We propose to answer this question by considering a tight coupling between the
environment and cortical representations. If the environment is stable,
cortical representations should remain stable and if the environment suddenly
changes, cortical representations must dynamically adapt themselves and
stabilise again onto the new environment.
Quite obviously, this cannot be achieved using SOM-like algorithms that depends
on a time decreasing learning rate and/or neighbourhood function (SOM, NG, GNG)

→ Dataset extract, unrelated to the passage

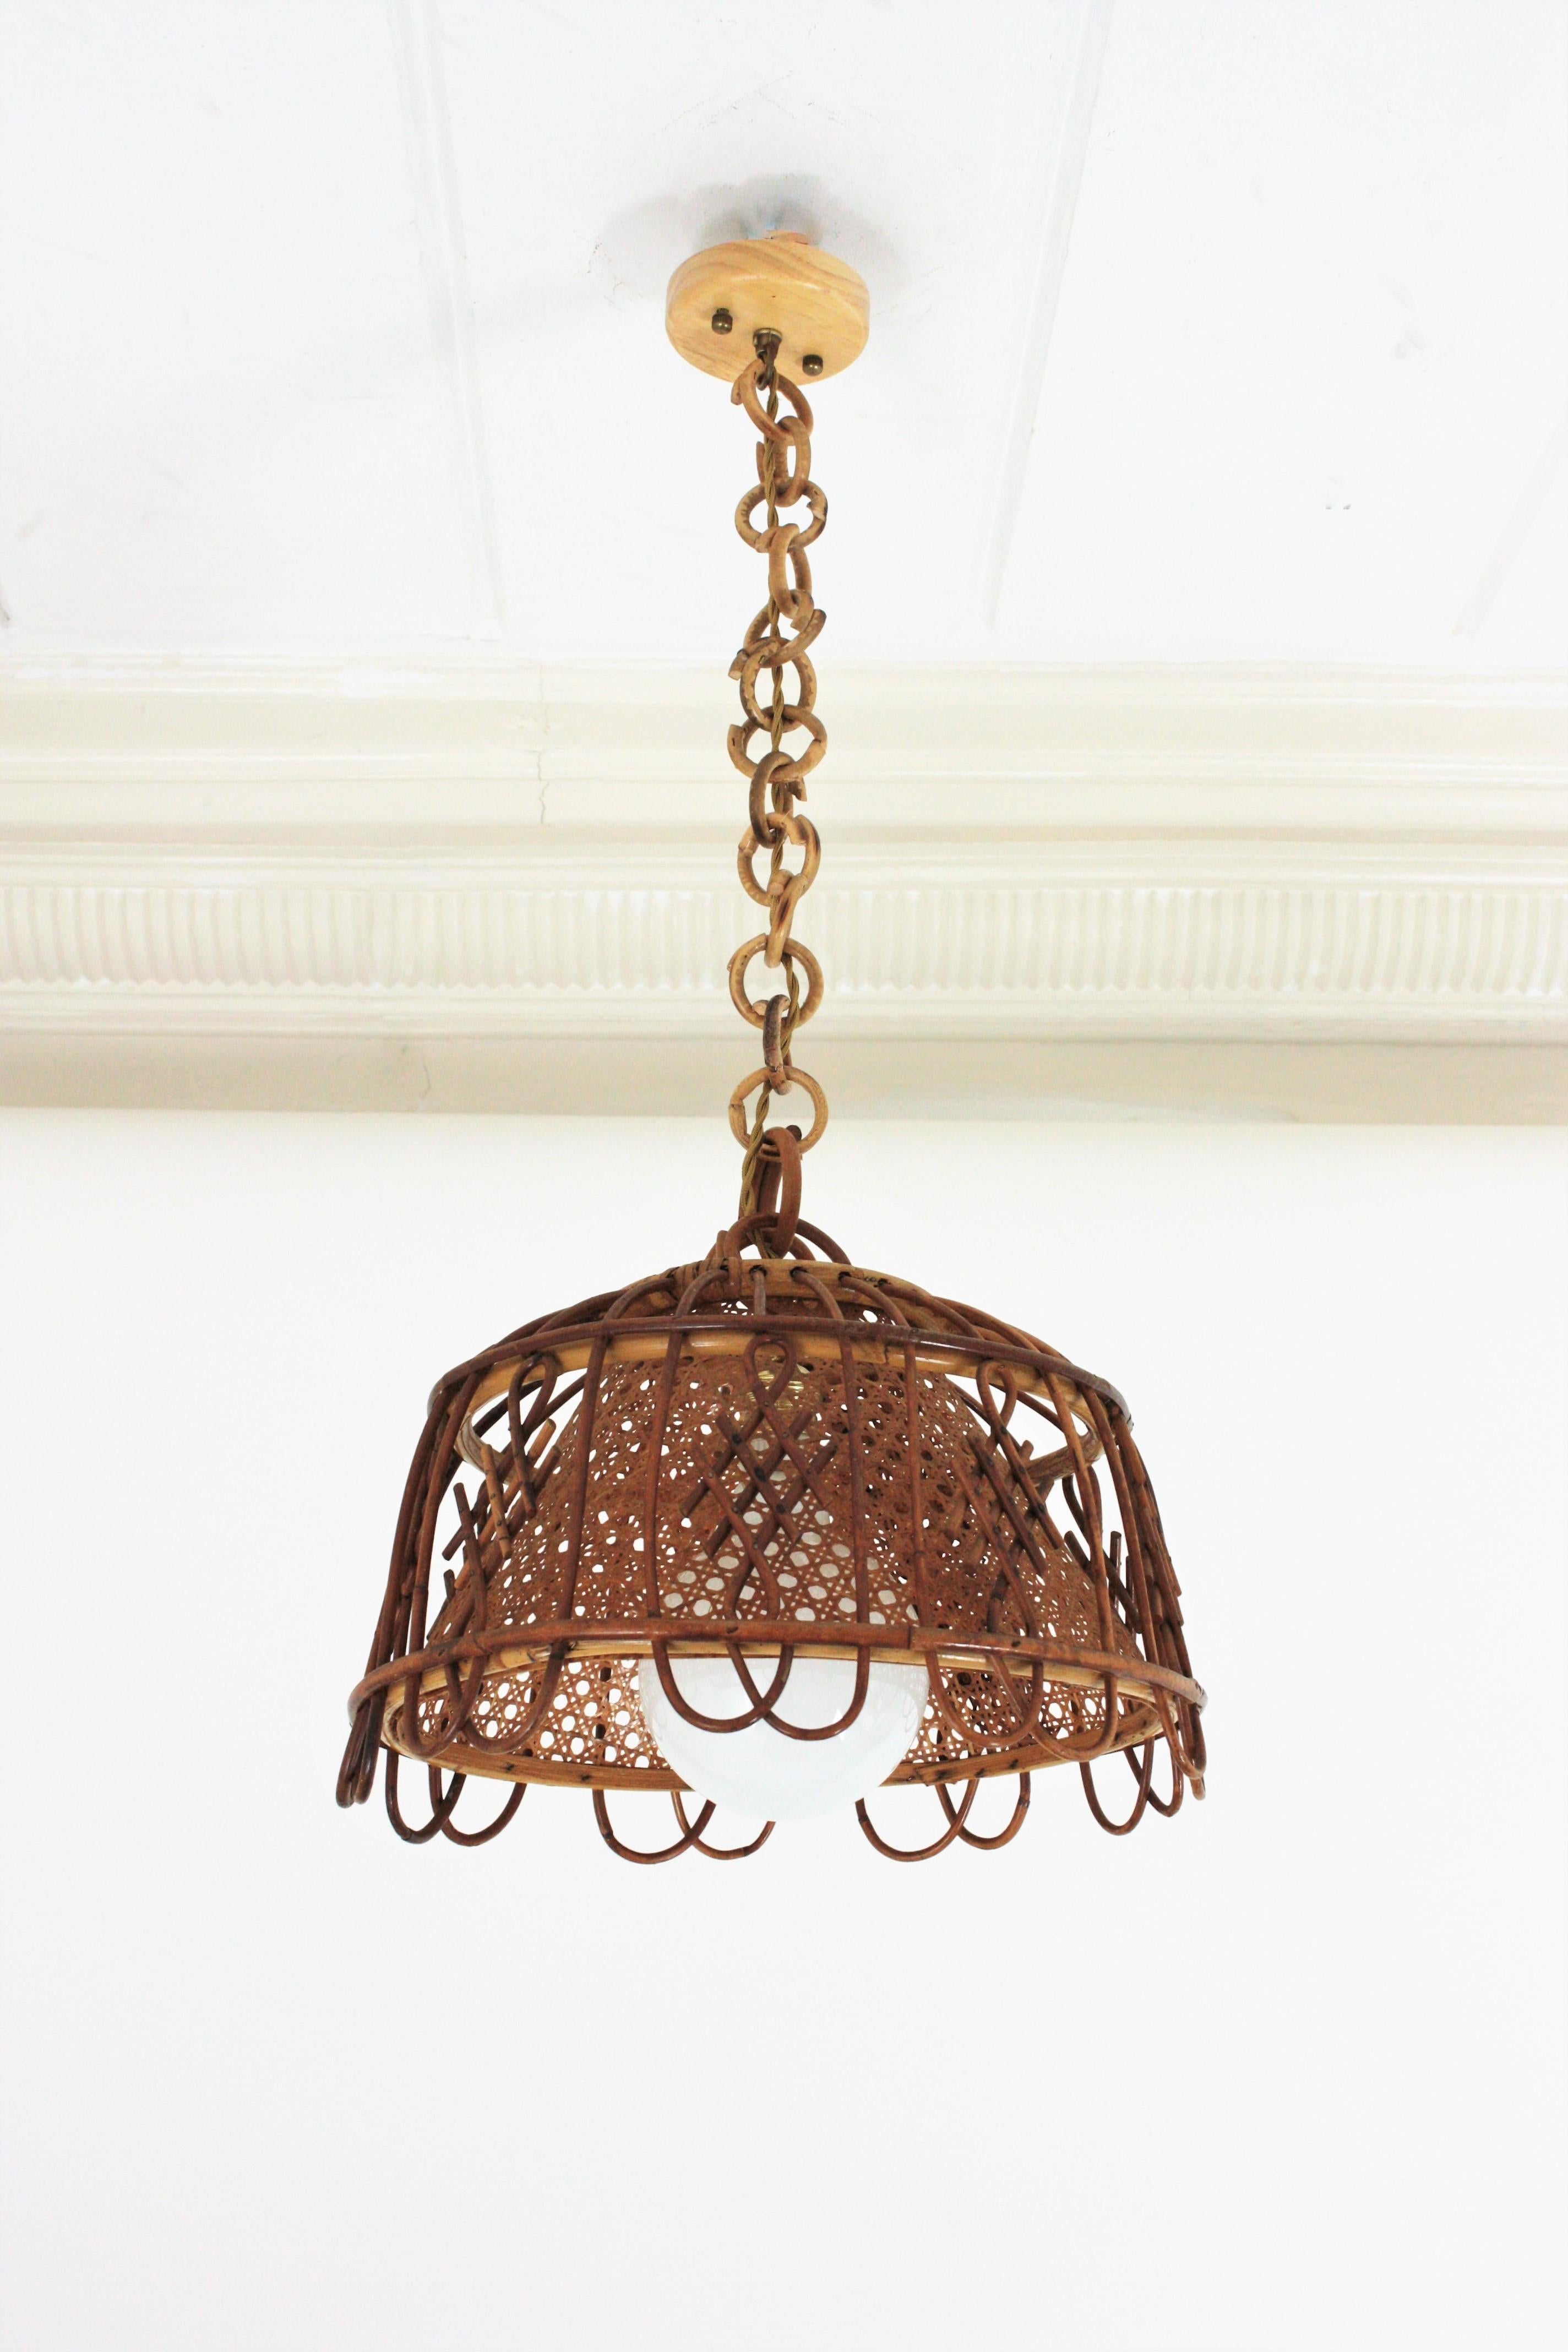 Hand-Crafted Rattan and Wicker Wire Italian Modernist Pendant / Hanging Light, 1960s

and, despite the huge amount of literature [Oja+Al:2003]_ [Kaski+Al:1998]_
around self-organising maps and Kohonen-typed networks (more than 7000 works
listed in [Pöllä+Al:2009]_), there is is surprisingly and comparatively very
little work dealing with online learning (also referred as incremental or
lifelong learning). Furthermore, most of these works are based on incremental
models, that is, networks that create and/or delete nodes as necessary. For
example, the modified GNG model [Fritzke:1997]_ is able to follow
non-stationary distributions by creating nodes like in a regular GNG and
deleting them when they have a too small *utility* parameter. Similarly, the
evolving self-organising map (ESOM, [Deng+Al:2000]_, [Deng+Al:2003]_ is based
on an incremental network quite similar to GNG that creates dynamically based
on the measure of the distance of the winner to the data (but the new node is
created at exact data point instead of the mid-point as in GNG).

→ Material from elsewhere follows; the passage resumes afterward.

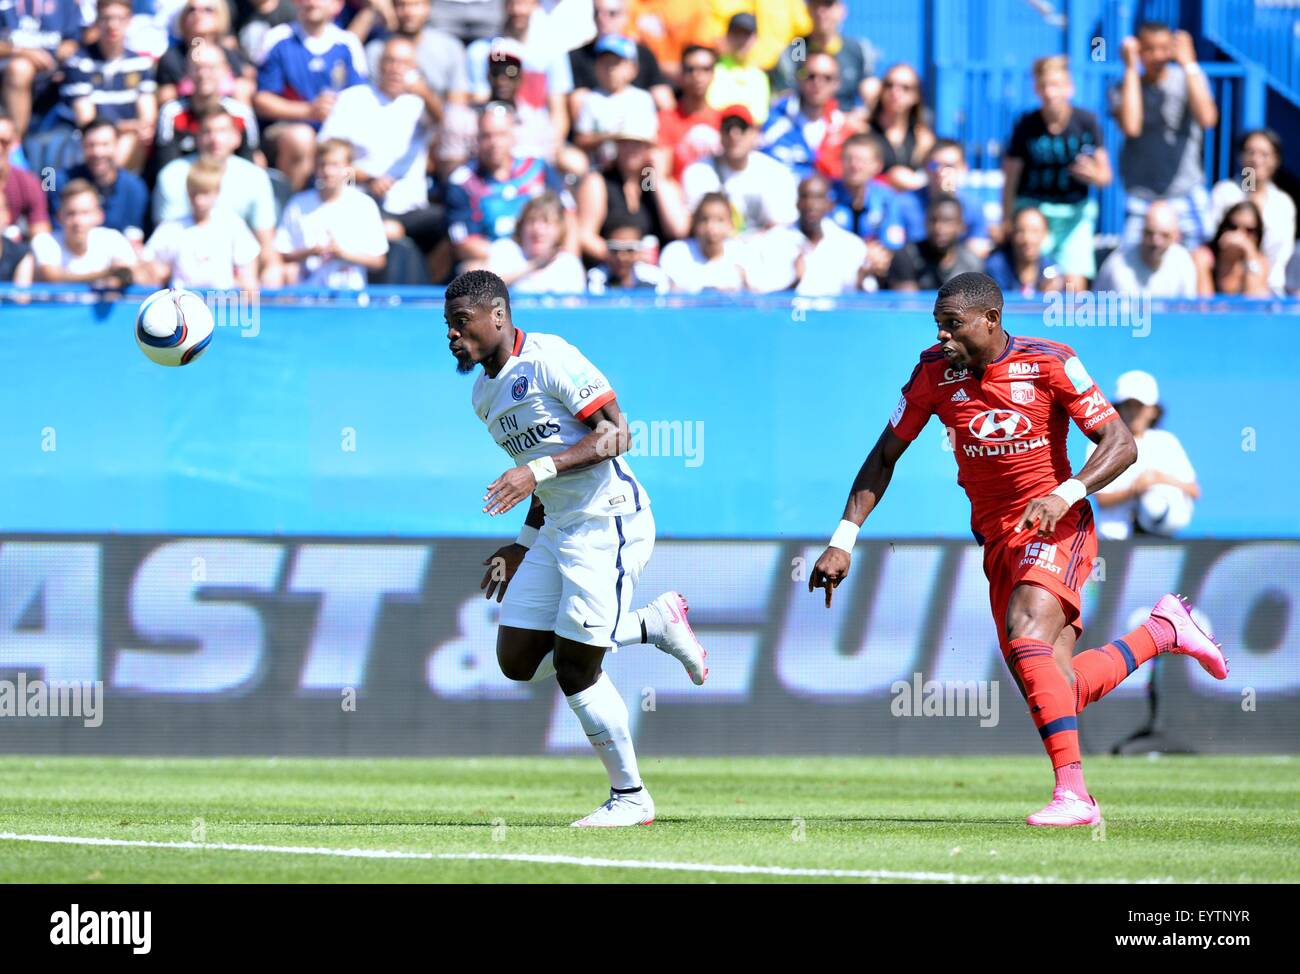 Montreal, Canada. 01st Aug, 2015. French Trophy of Champions match, between Paris St German and Lyon. Serge Aurier (psg) and Henri Bedimo (lyon) © Action Plus Sports/Alamy Live News Stock Photo

Self-organising incremental neural network (SOINN) [Furao+Al:2006]_ and its
enhanced version (ESOINN) [Furao+Al:2007]_ are also based on an incremental
structure where the first version is using a two layers network while the
enhanced version proposed a single layer network. One noticeable result is the
model proposed by [Keith-Magee:2001]_ which does not rely on a incremental
structure but is based on the Butterworth decay scheme that does not decay
parameters to zero. The model works in two phases, an initial phase
(approximately ten epochs) is used to establish a rough global topology thanks
to a very large neighbourhood and the second phase uses a small neighbourhood
phase to train the network. Unfortunately, the size of the neighbourhood in the
second phase has to be adapted to the expected density of the data.

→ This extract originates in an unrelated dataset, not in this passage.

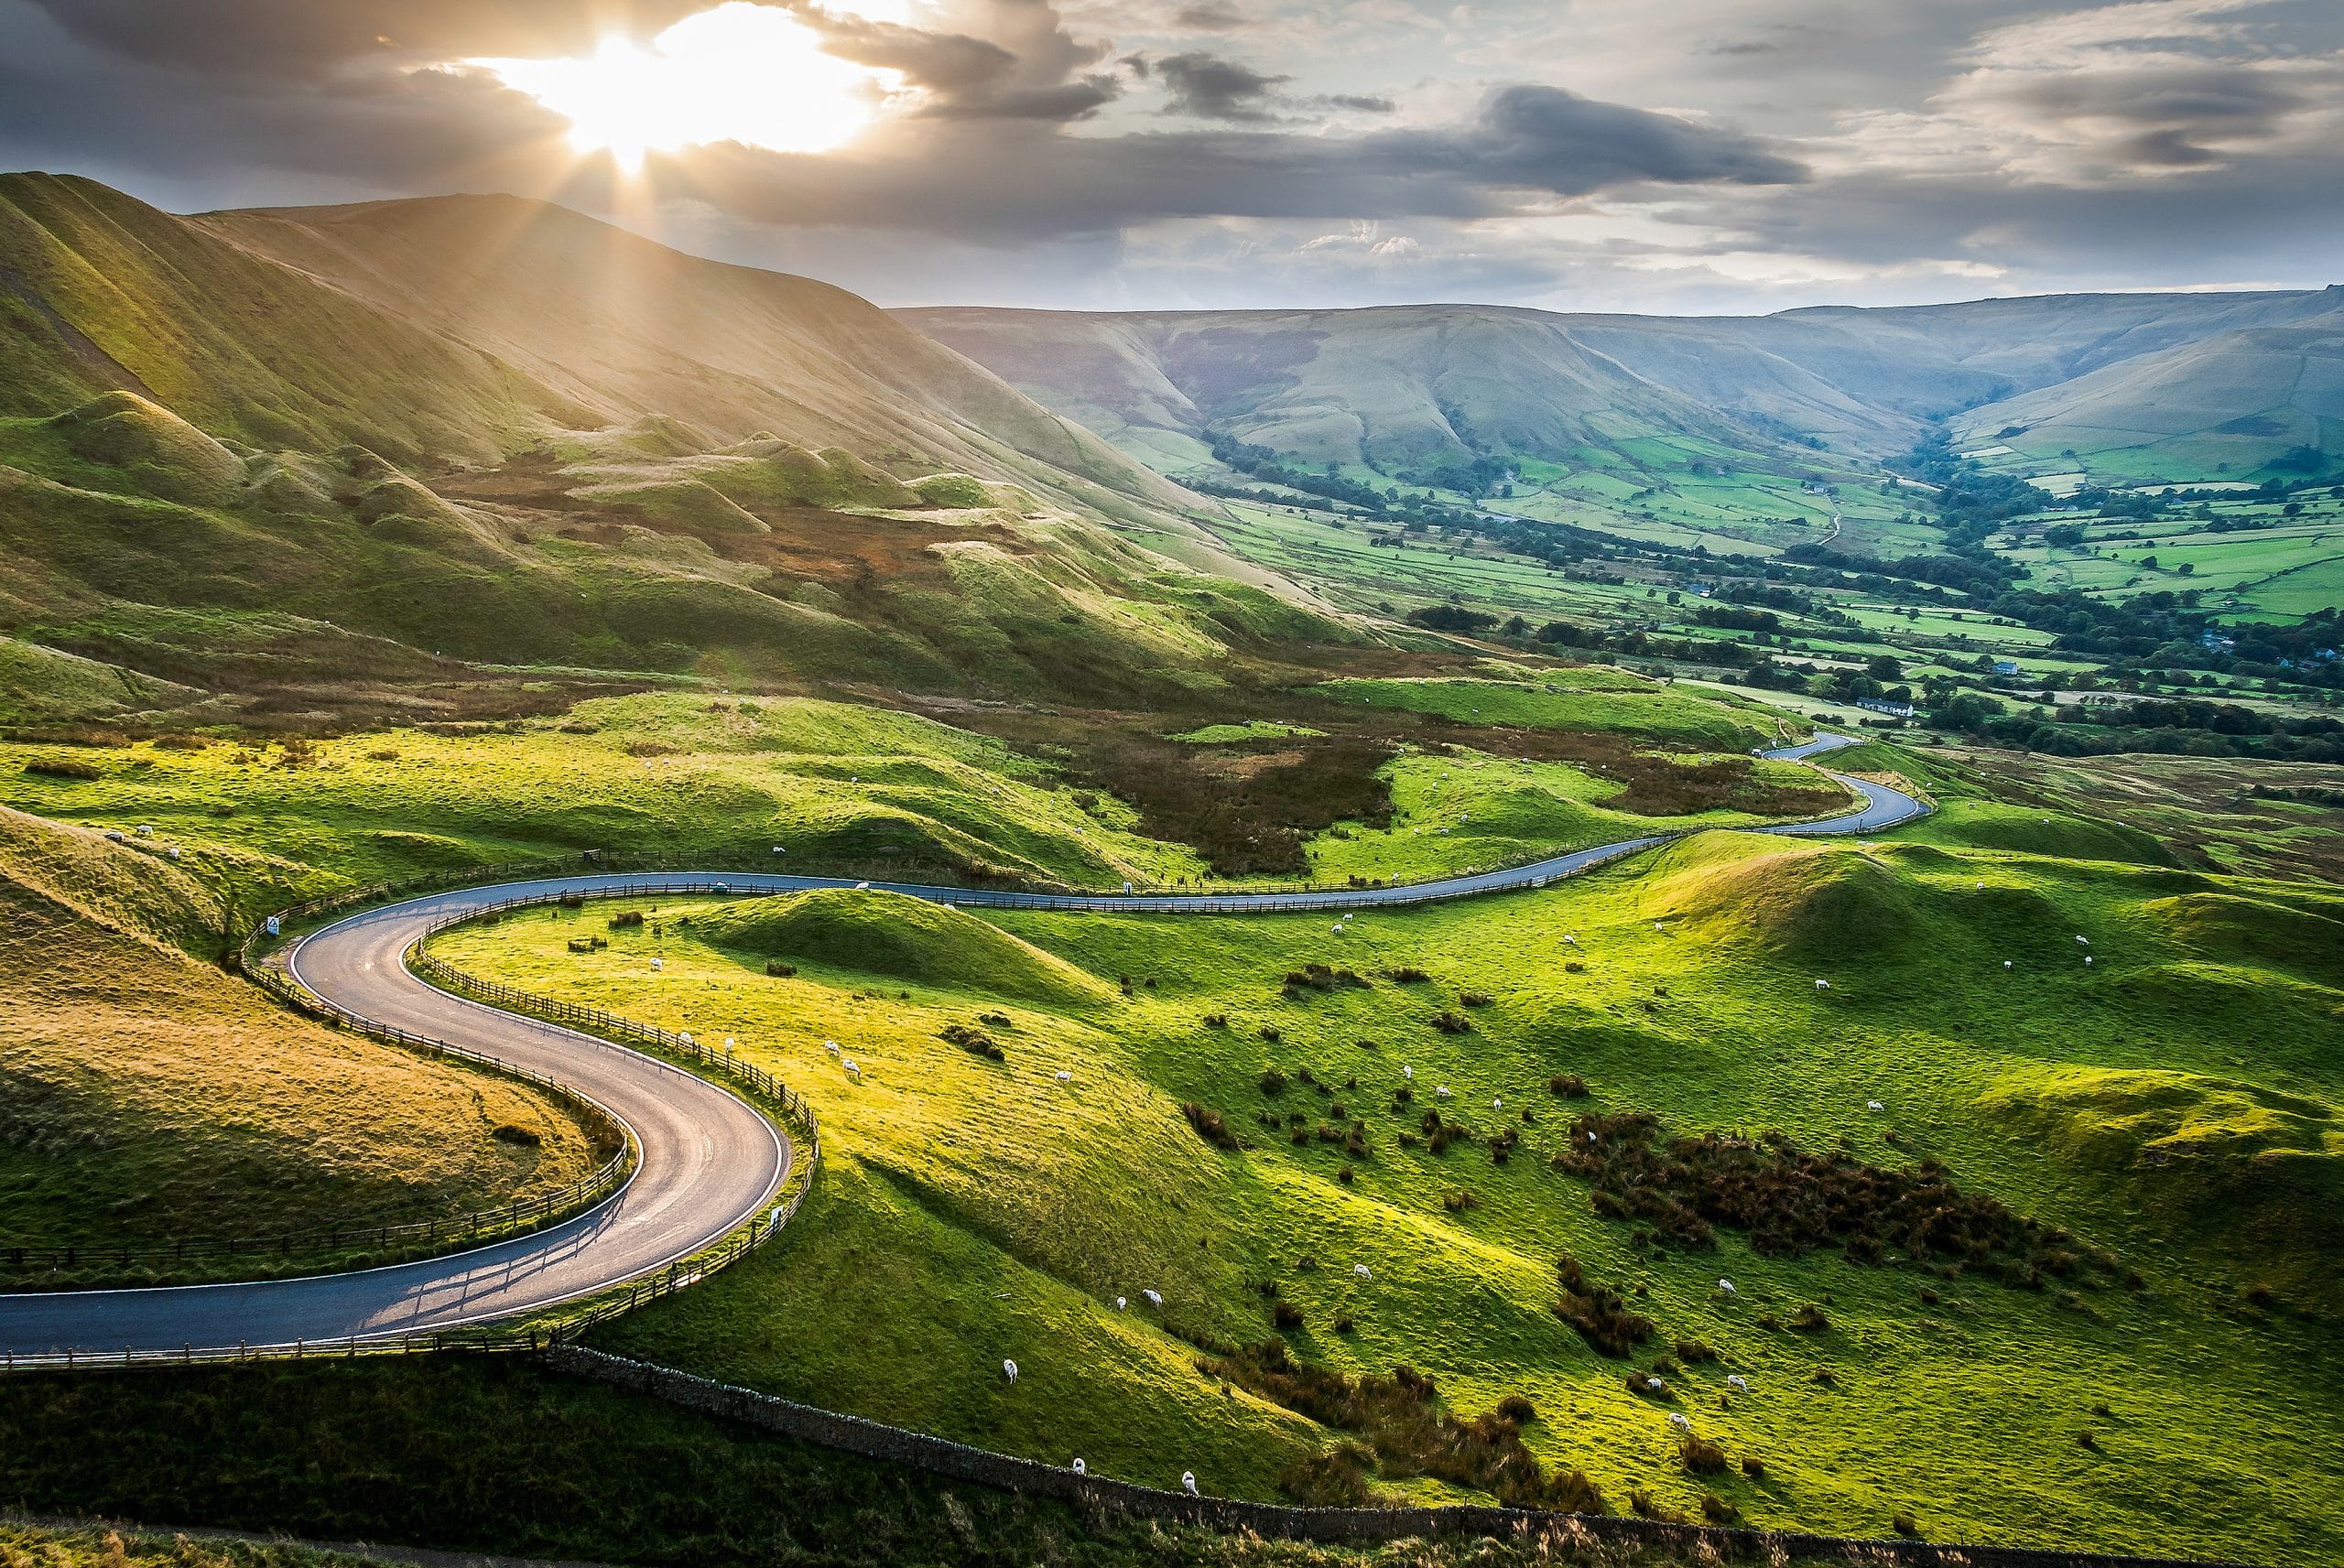 A view of a sunset along a winding road among green hills

Without judging performances of these models, we do not think they give a
satisfactory answer to our initial question and we propose instead to answer by
considering a tight coupling between the environment and representations. If
the environment is stable, representations should remain stable and if the
environment suddenly changes, representations must dynamically adapt themselves
and stabilise again onto the new environment. We thus modified the original
SOM algorithm in order to make its learning rule and neighbourhood independent
of time. This results in a tight coupling between the environment and the model
that ensure both stability and plasticity. In next section, we formally
describe the dynamic self-organising map in the context of vector quantisation
and both neural gas and self-organising map are formally described in order to
underline differences between the three algorithms. The next section
re-introduces the model from a more behavioural point of view and main
experimental results are introduced using either low or high dimensional data
and offers side-to-side comparison with other algorithms. Results concerning
dynamic distributions are also introduced in the case of dynamic
self-organising map in order to illustrate the coupling between the
distribution and the model. Finally, we discuss the relevancy of such a model
in the context of computational neurosciences and embodied cognition.
Definitions
===============================================================================
Let us consider a probability density function `f(x)` on a compact manifold
`\Omega \in \mathbb{R}^d`. A vector quantisation (VQ) is a function `\Phi` from
`\Omega` to a finite subset of `n` code words `\{\mathbf{w}_i \in
\mathbb{R}^d\}_{1 \leq i \leq n}` that form the codebook. A cluster is defined
as `C_i \deq \{x \in \Omega | \Phi(x) = \mathbf{w}_i \}`, which forms a
partition of `\Omega` and the distortion of the VQ is measured by the mean
quadratic error
.. math::
\xi = \sum_{i=1}^{n} \int_{C_i} \lVert x - \mathbf{w}_i \rVert^2 f(x) dx.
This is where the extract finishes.